Show HN: Basic Set Operations - alephnullco
https://sets.alephnull.co
======
CarolineW
I can see how some people would want a web-based tool to used quickly and
easily, although personally it's not the approach I would take. Many years ago
I wrote python programs set_minus, set_union, and set_intersect that take two
(or more) sets and print the appropriate result. For example

    
    
        set_minus A B
    

... prints every line in A that's not in B. Similarly the others.

Fast, clean, command-line, results to be piped to be processed or put into
files.

Alternatively, if you want to union files you can just do this:

    
    
        sort A B | sort -u
    

If you want to find the intersection:

    
    
        sort <( sort -u A ) <( sort -u B ) \
        | uniq -c \
        | grep " 2 " \
        | sed "s/^ *2 *//"
    

So all these things are easily done from the command line.

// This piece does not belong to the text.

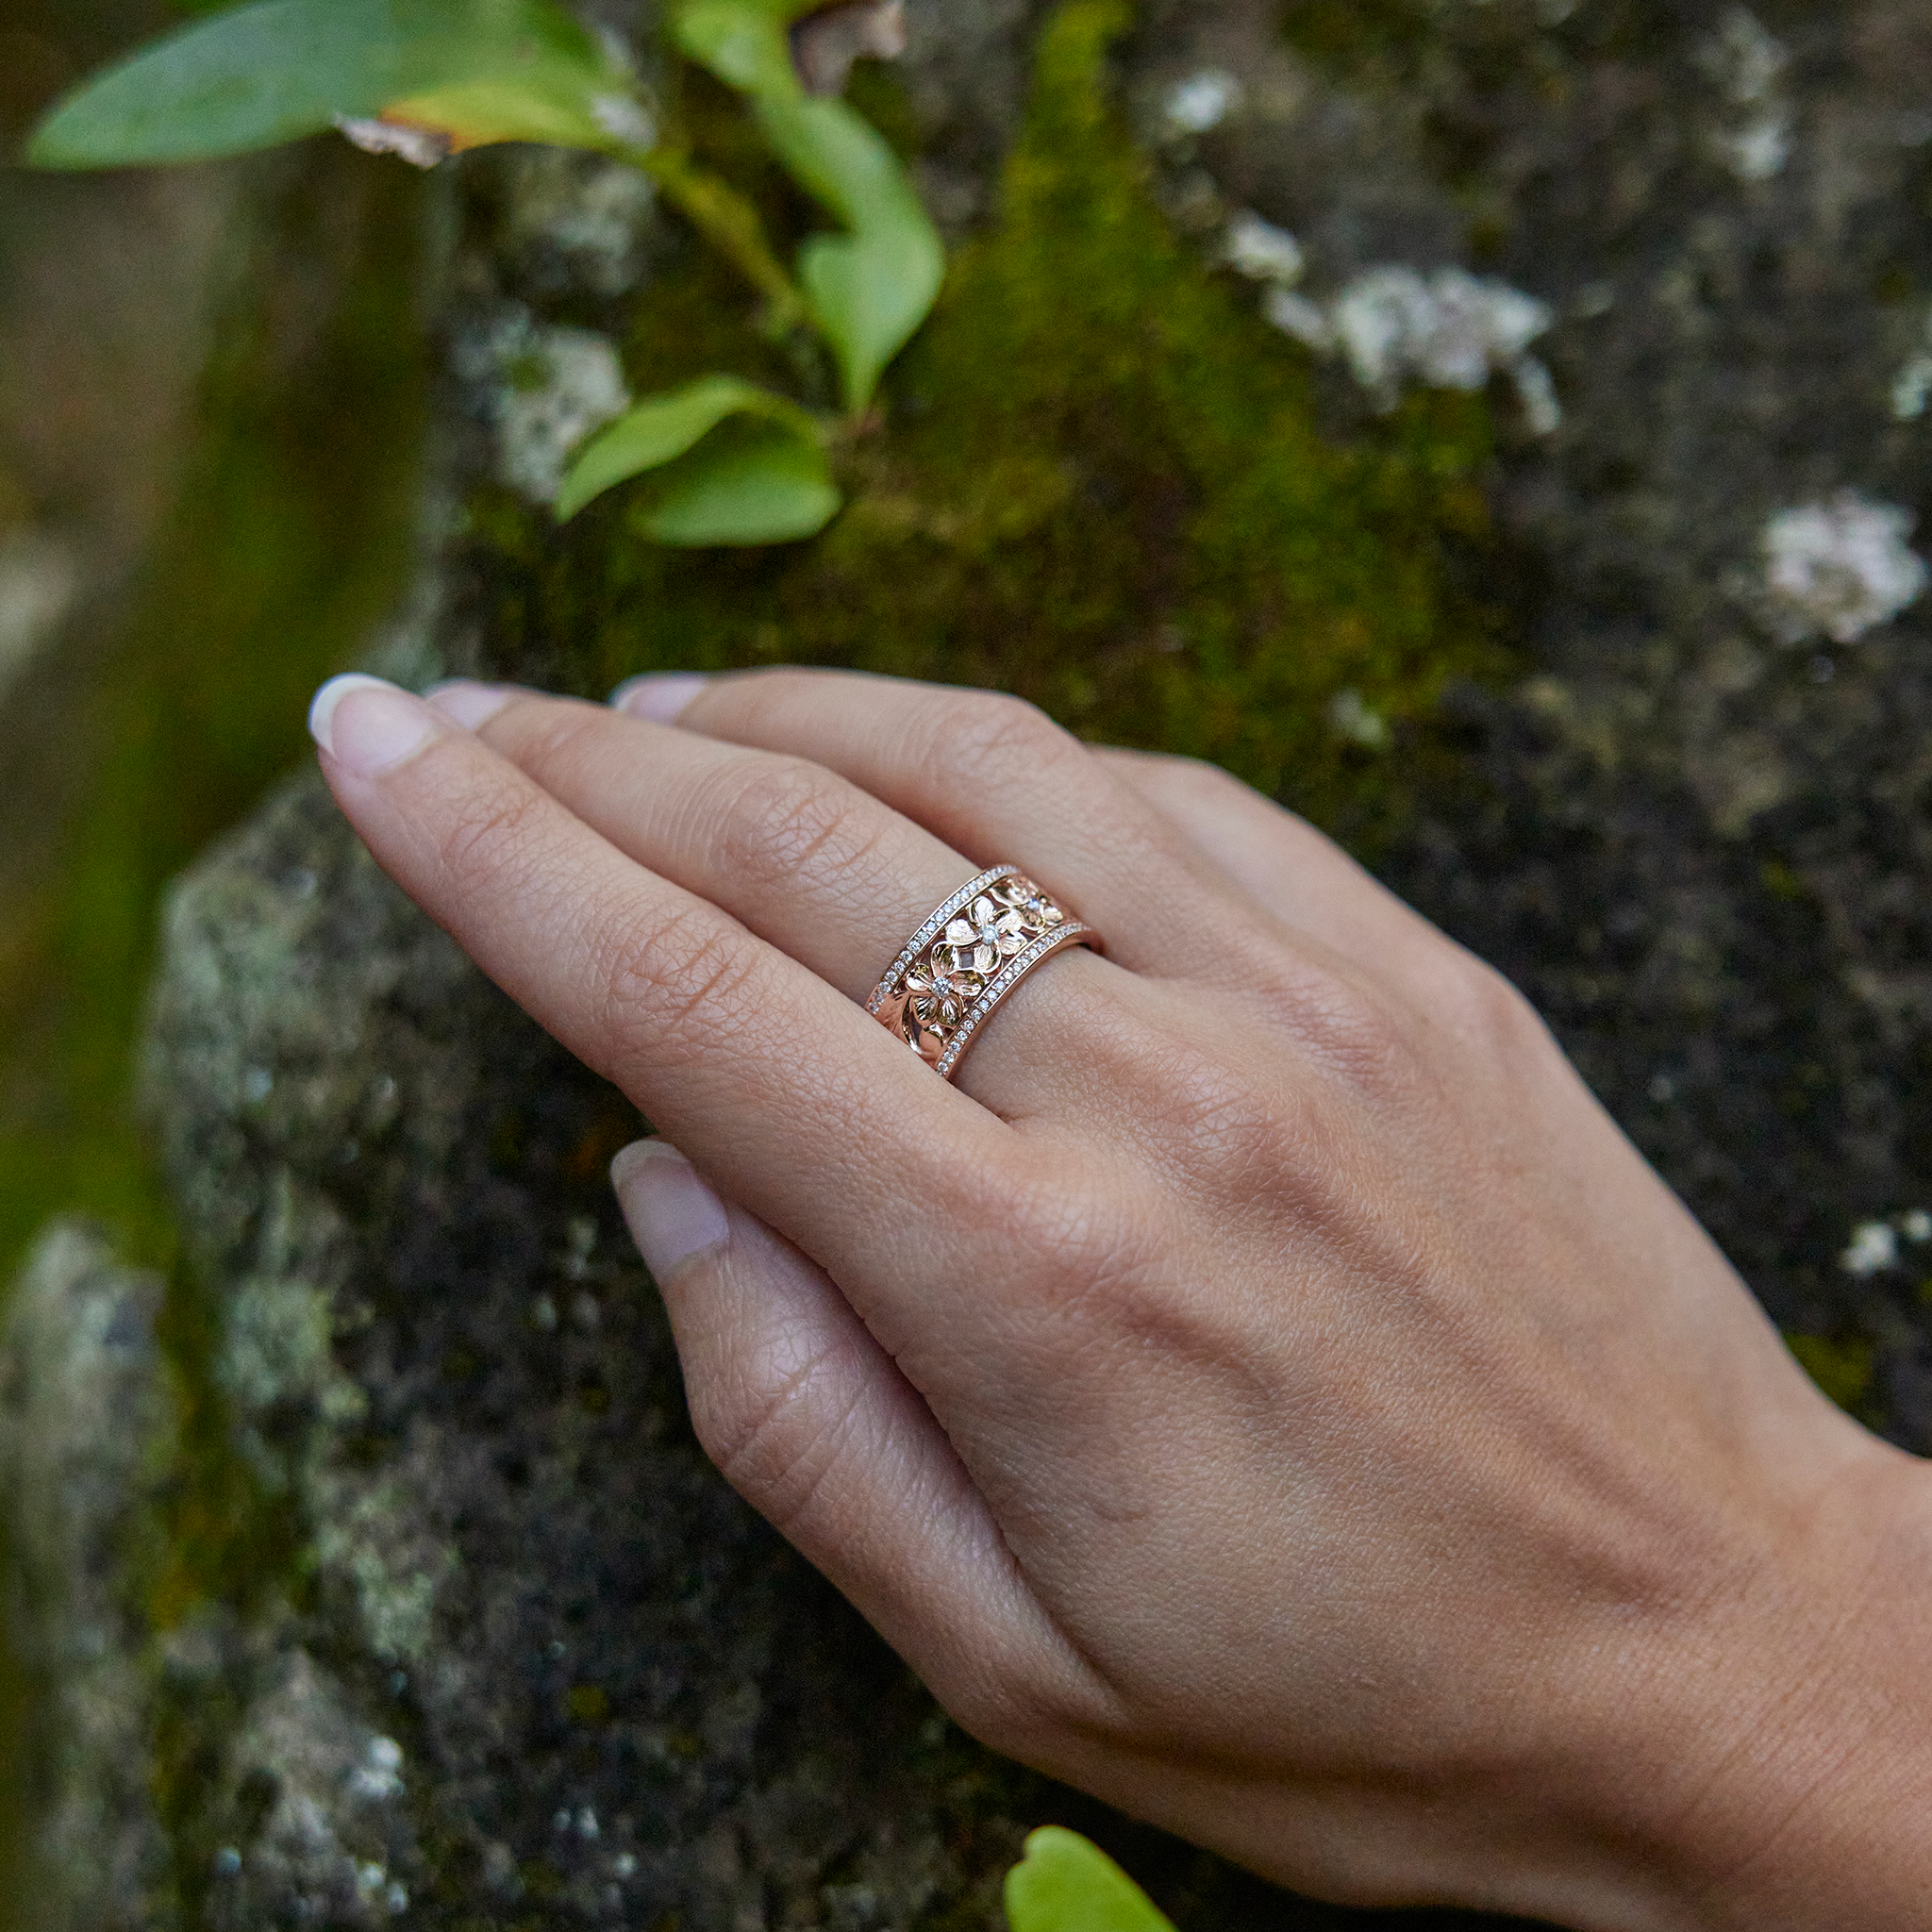 Hawaiian Heirloom Plumeria Ring in Rose Gold with Diamonds - 10mm

Even so, as I said, I can see how some people would want a web-based tool, so
thanks for sharing!

------
alephnullco
Hey guys!

I thought this might be interesting to other people! I built this little tool
because I often found myself needing to quickly calculate a union,
intersection, or difference of two lists, but there wasn't an easy way to it
(aside from pulling up Excel and building a v-lookup).

I thought it might be useful to share, I've been using it a bunch to just
quickly do some data operations and then drop the result into a SQL query or
job processor.

Let me know if you have any feedback!